Ce que dit vraiment la loi sur le franchissement des feux
Au-delà des sanctions chiffrées, le cadre légal du franchissement des feux rouges recèle des subtilités que même les conducteurs expérimentés méconnaissent. L’article R412-30 du Code de la route, accessible sur Légifrance, distingue plusieurs situations : le franchissement d’un feu rouge fixe, le non-respect d’un feu clignotant, et le cas particulier des feux directionnels. Chacune de ces configurations n’entraîne pas exactement les mêmes conséquences procédurales.
Les feux directionnels, signalés par une flèche verte, autorisent le passage dans une direction précise même lorsque le feu général est rouge. Un conducteur qui tourne à droite sur flèche verte doit néanmoins céder le passage aux piétons et cyclistes. Méconnaître cette règle peut entraîner une verbalisation pour non-respect du signal, même si le conducteur croyait avoir le droit de passer.
La question de la preuve dans les contestations mérite également attention. Lorsqu’un radar automatique enregistre une infraction, la présomption pèse sur le titulaire du certificat d’immatriculation.
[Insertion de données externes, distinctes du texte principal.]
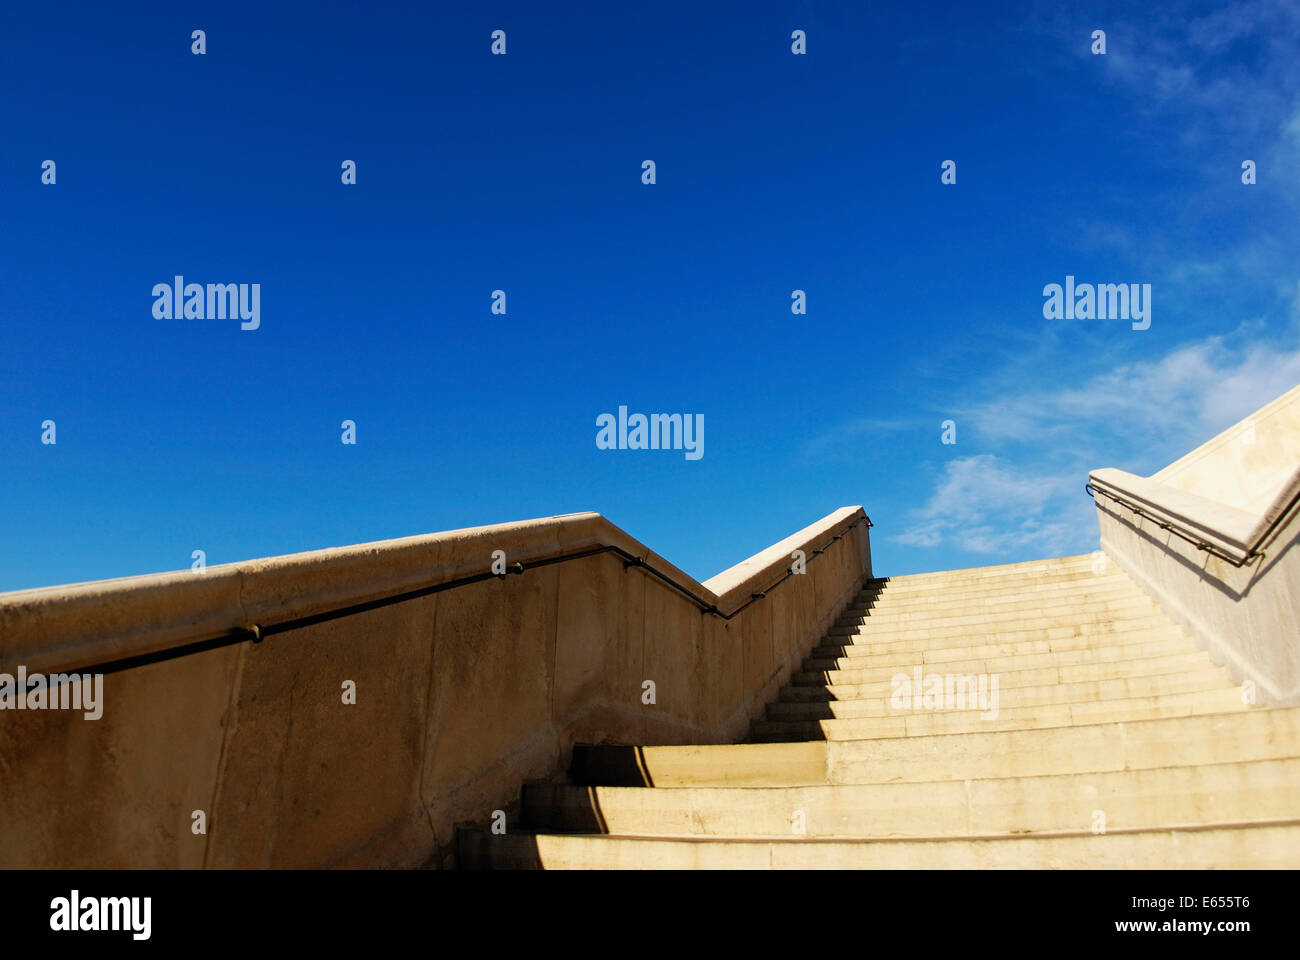 Buscando una escalera de piedra, pasos, escalera que sube al cielo azul en el exterior Foto de stock
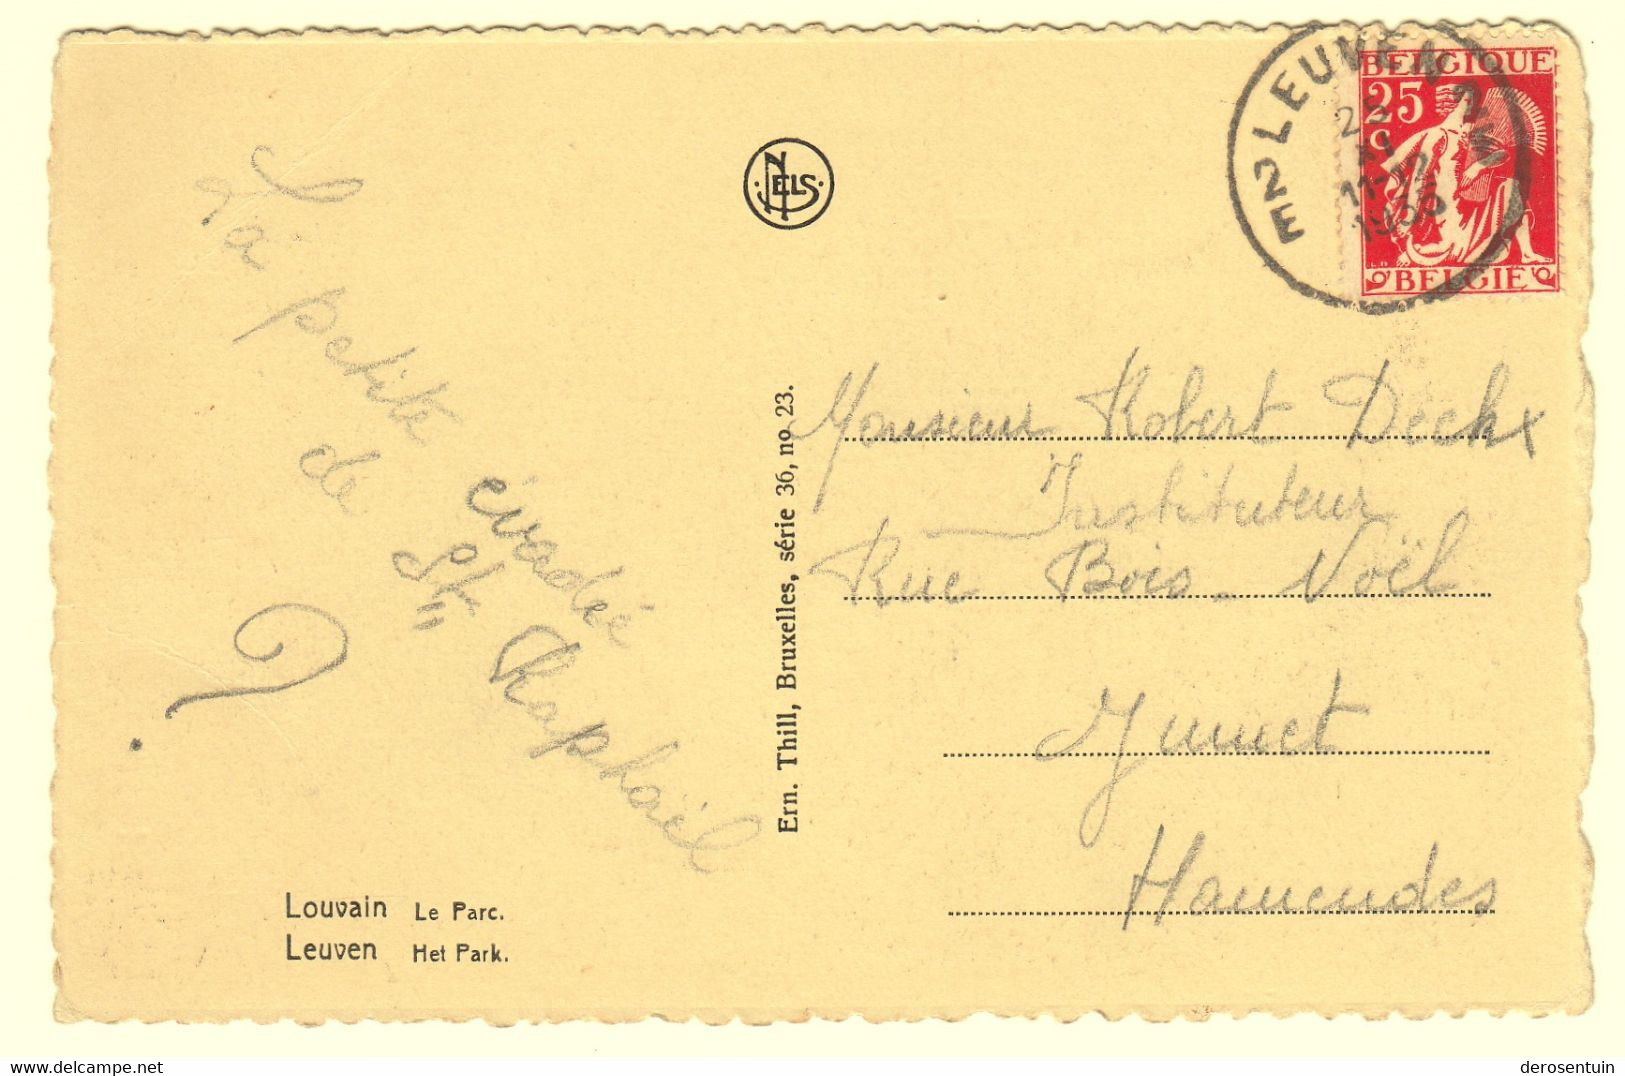 a0004	[Postkaarten] Leuven / Heverlee (gevarieerd lot). - Lot van 70 postkaarten (waarvan 49 r/v gescand), klein formaat

Ce dernier peut désigner un autre conducteur, mais la procédure impose des délais stricts et une déclaration formelle. Toute omission dans cette démarche expose à une amende supplémentaire pour défaut de désignation, fixée à 450 euros.
Certains conducteurs invoquent l’état de nécessité pour justifier un franchissement de feu rouge : urgence médicale, danger imminent. Cette notion juridique existe dans le droit pénal français, mais les tribunaux l’apprécient de manière très restrictive. L’urgence doit être réelle, imminente et proportionnée. Conduire un proche aux urgences ne suffit pas systématiquement à exonérer le conducteur, surtout si les circonstances n’ont pas été documentées sur le moment. Seul un professionnel du droit peut évaluer si un tel argument tient dans un dossier précis.
La vigilance aux carrefours n’est pas qu’une obligation morale. C’est une exigence légale dont les contours sont précisément définis, avec des sanctions calibrées pour décourager la prise de risque. Connaître ces règles, c’est déjà choisir de conduire différemment.